- _Problem to work on_: Omit any pictures, and restate word for word only the lines from the one with "La reportera Lydia" through the end of the data below.

- _Material provided_:
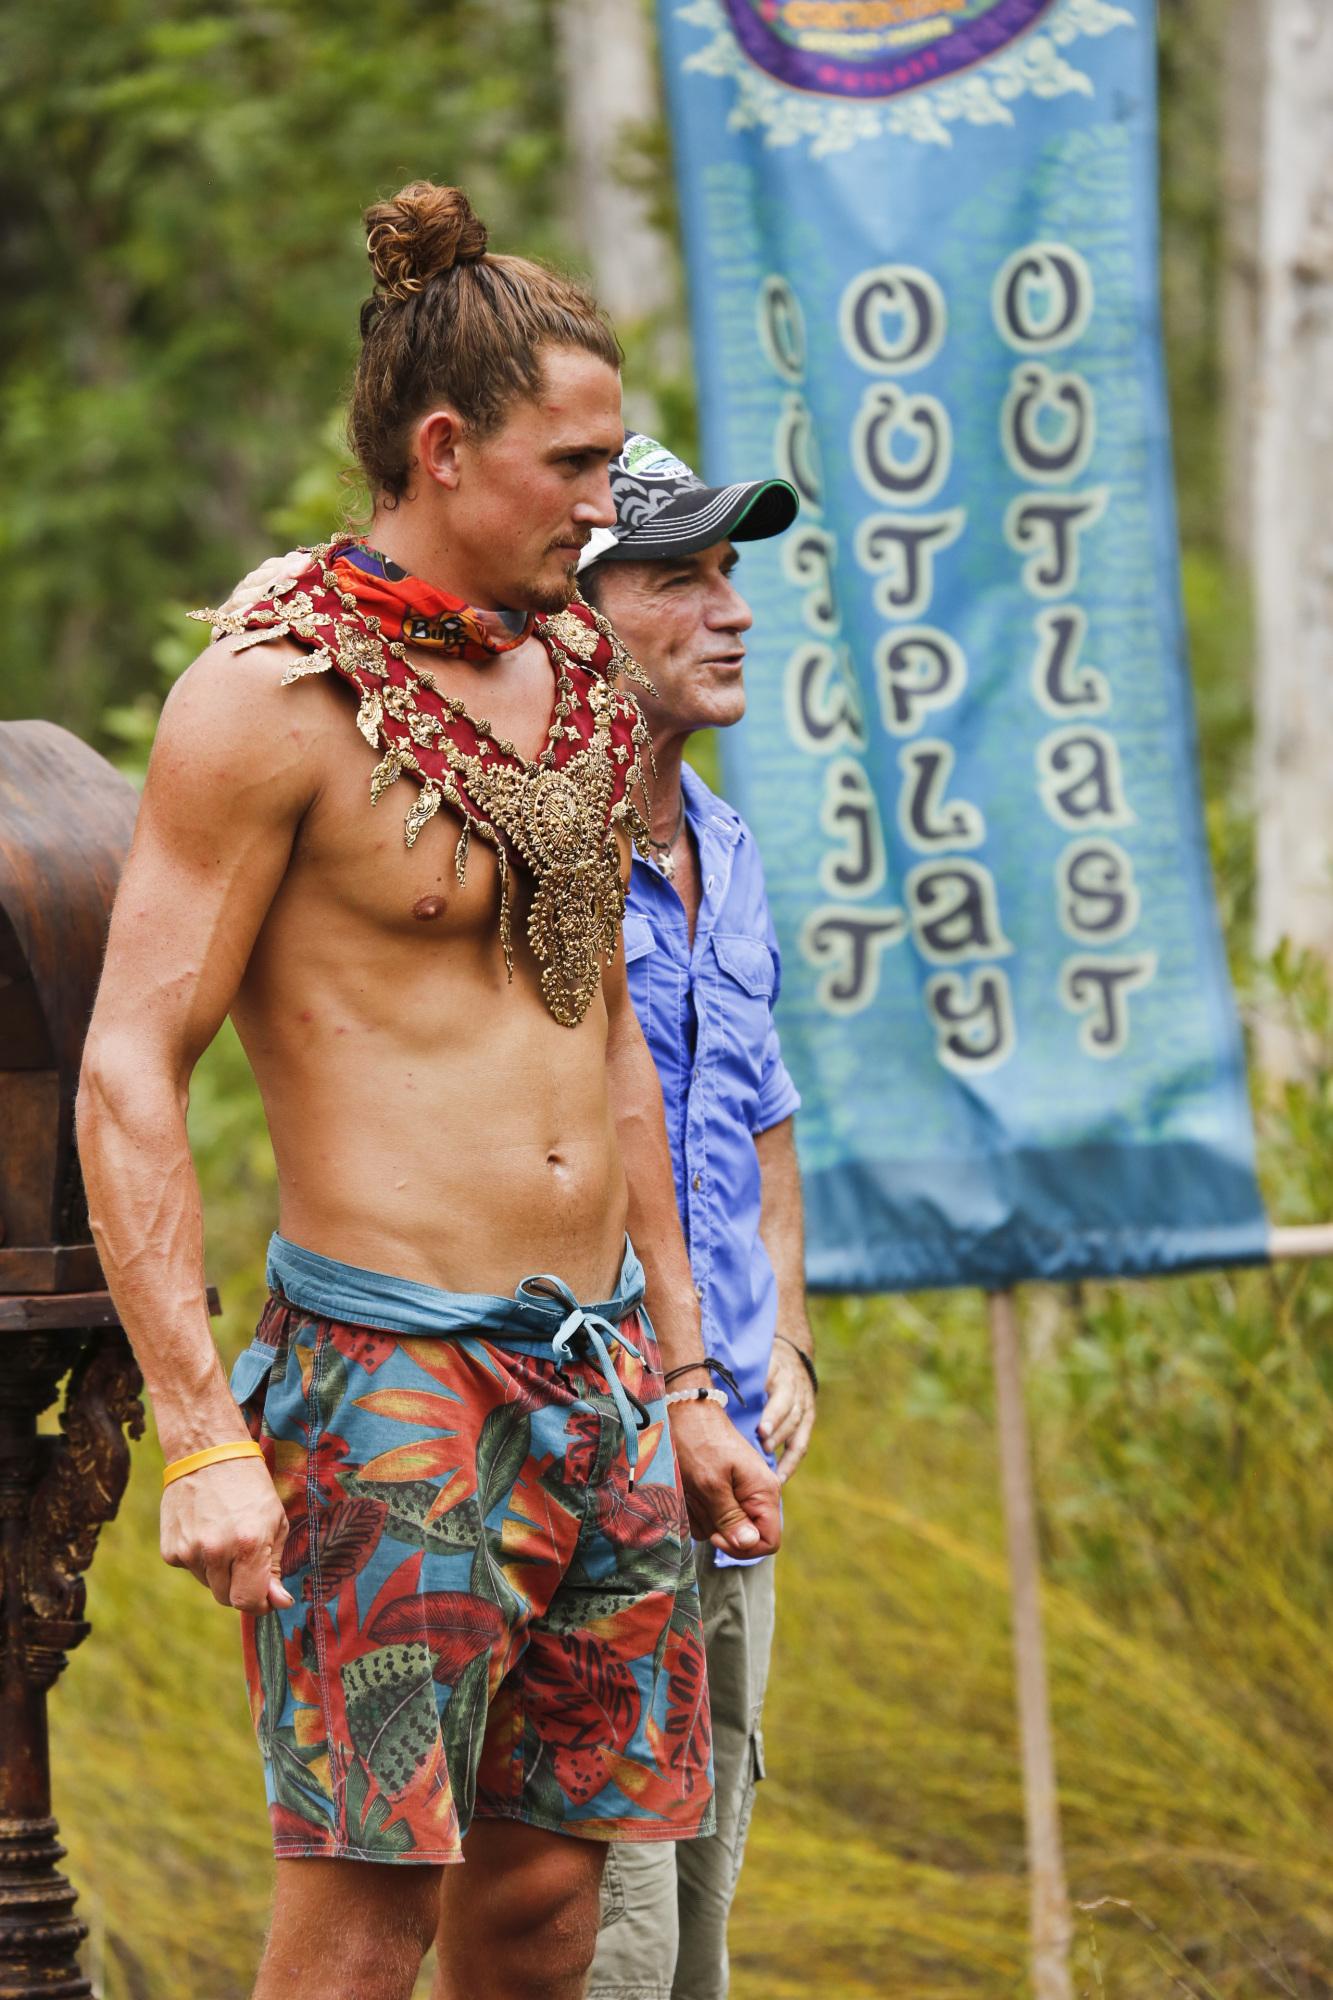 Joe Anglim wins Immunity on Survivor: Second Chance
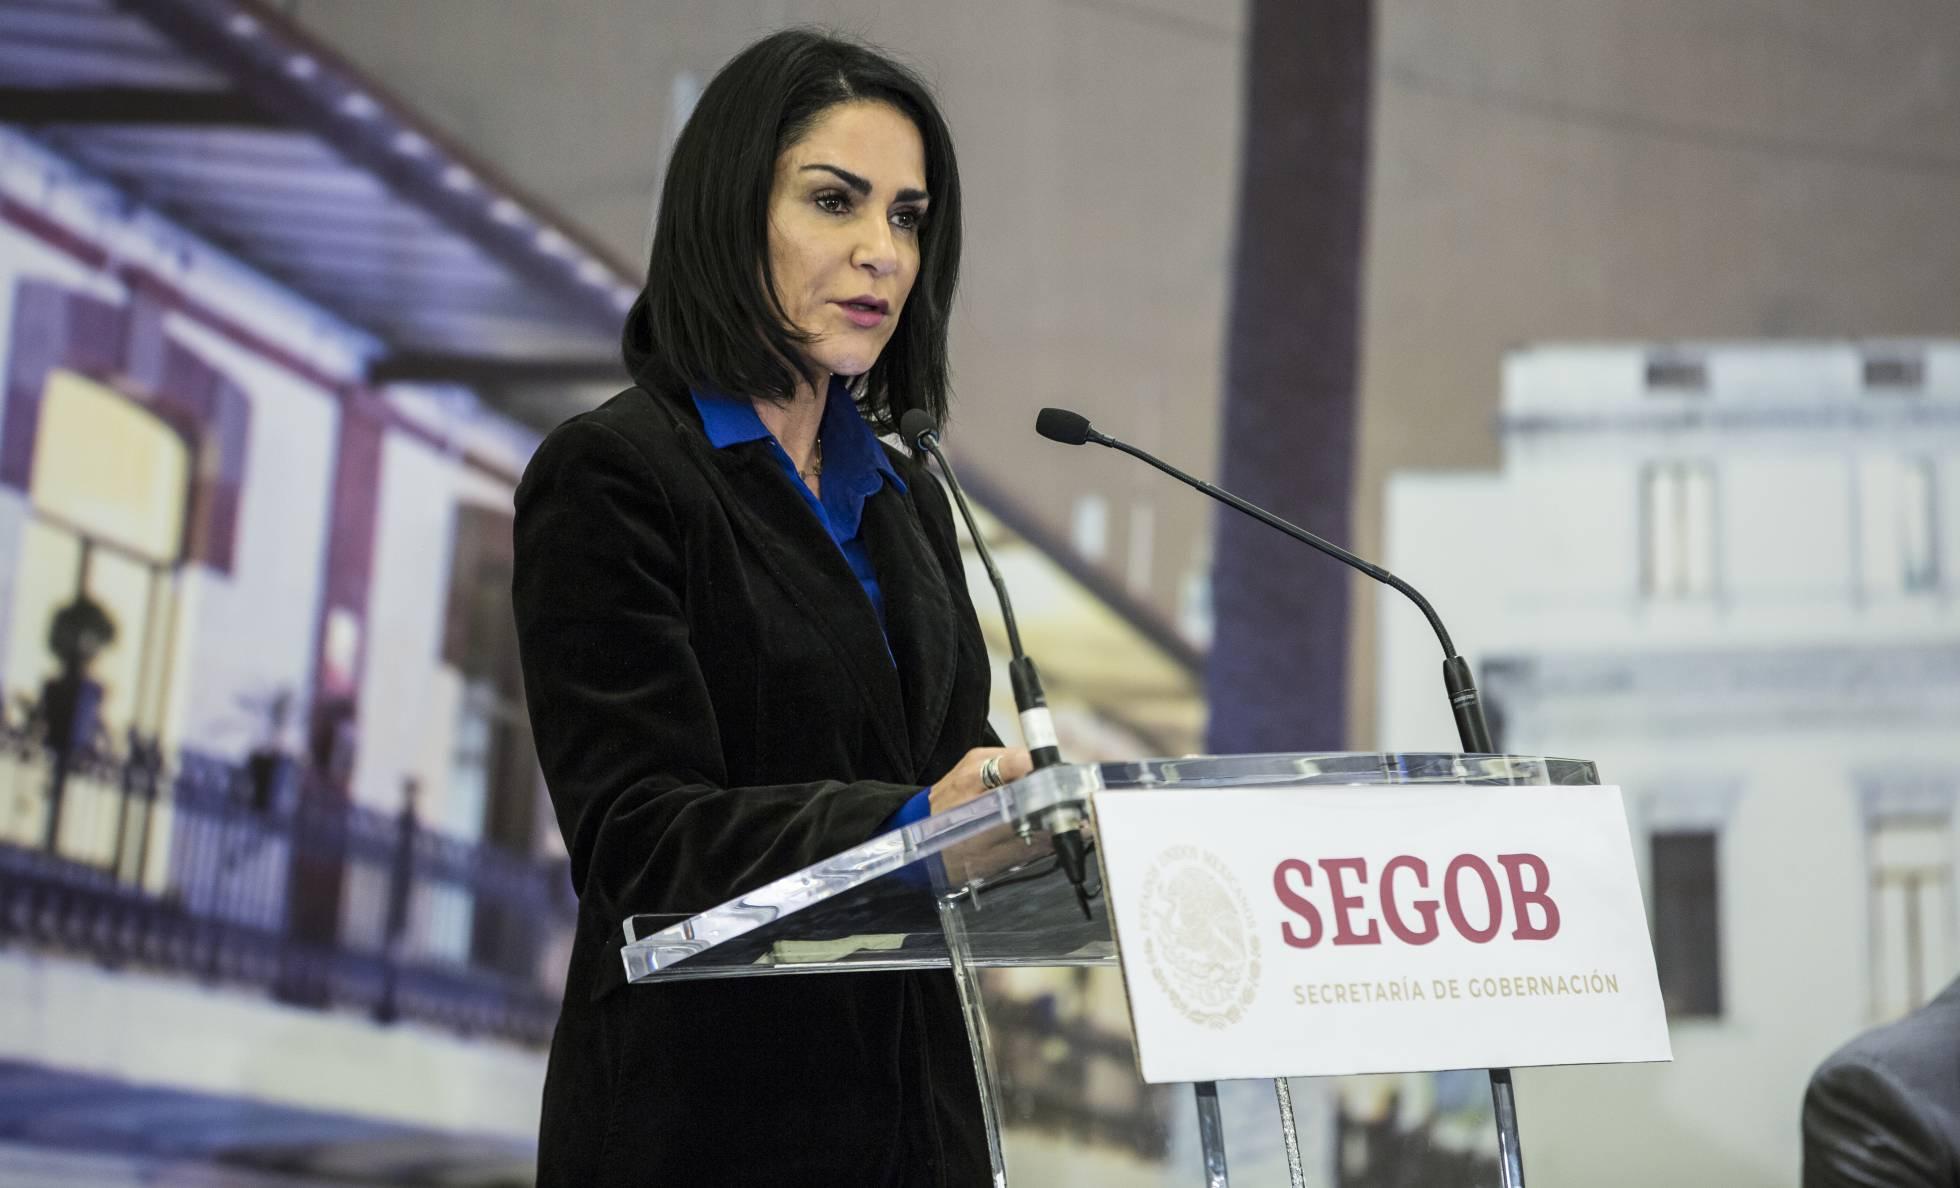 La reportera Lydia Cacho sufre un robo de información sobre casos de pederastia en México
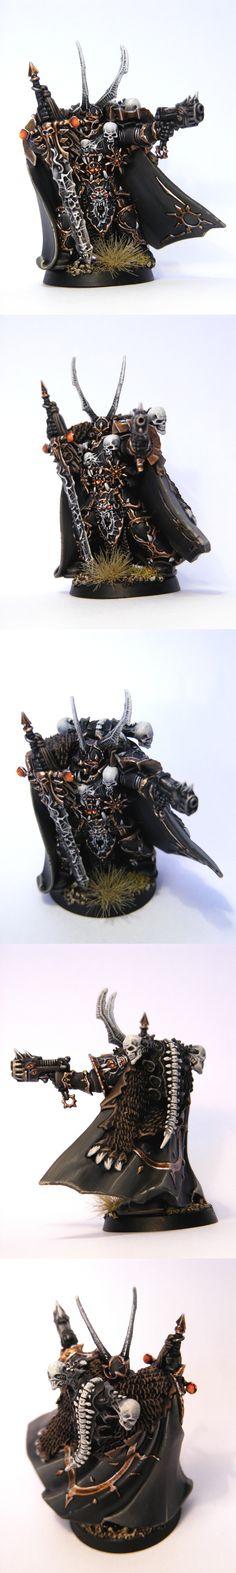 Chaos Black Legion Lord Kranon the Relentless
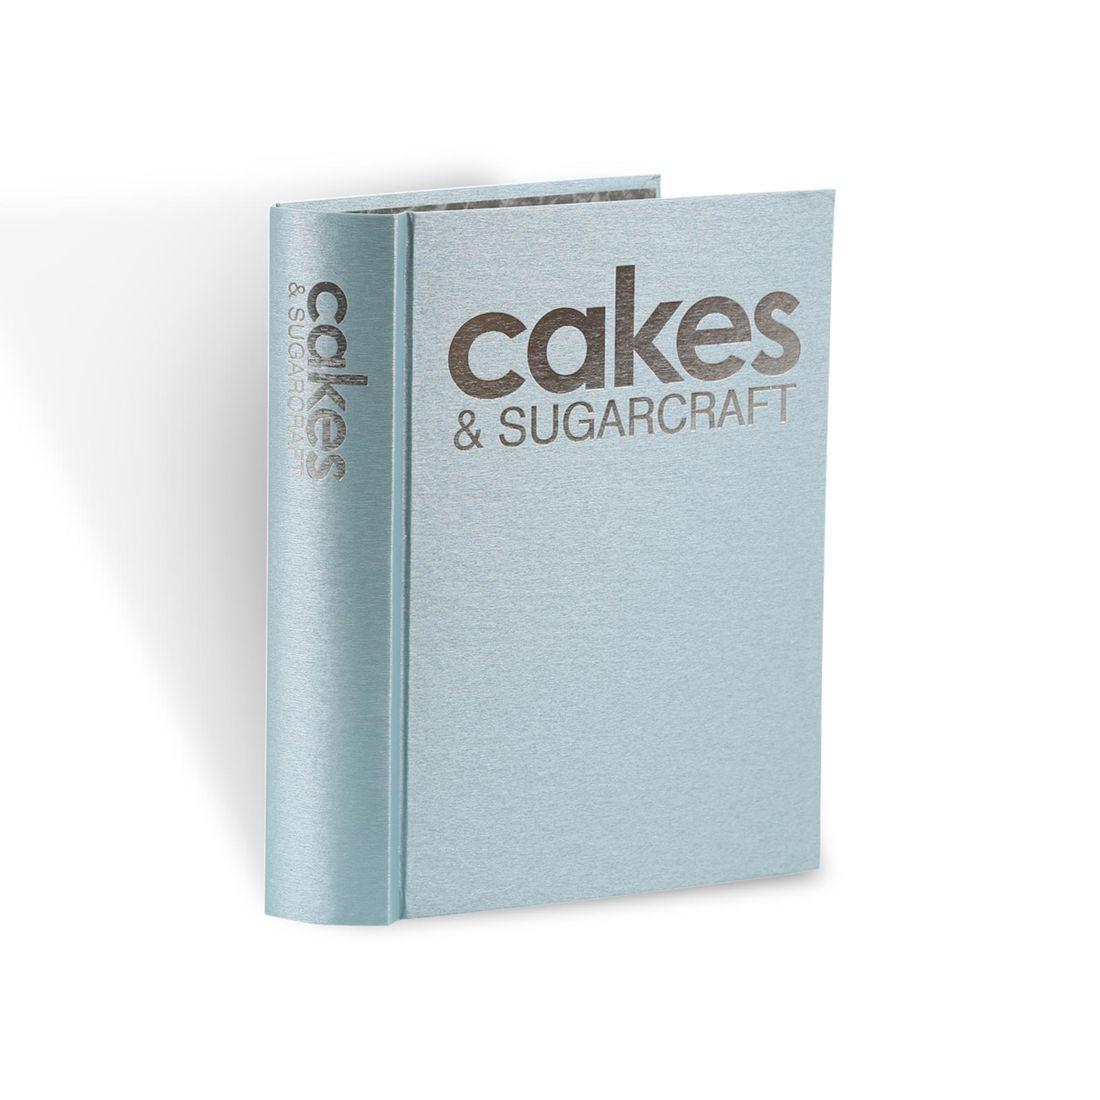 Cake Decorating Binder How To Use : Cakes & Sugarcraft Magazine Binder Squires Kitchen Shop ...

- _Written response_:
 La reportera Lydia Cacho sufre un robo de información sobre casos de pederastia en México
 Chaos Black Legion Lord Kranon the Relentless
 Cake Decorating Binder How To Use : Cakes & Sugarcraft Magazine Binder Squires Kitchen Shop ...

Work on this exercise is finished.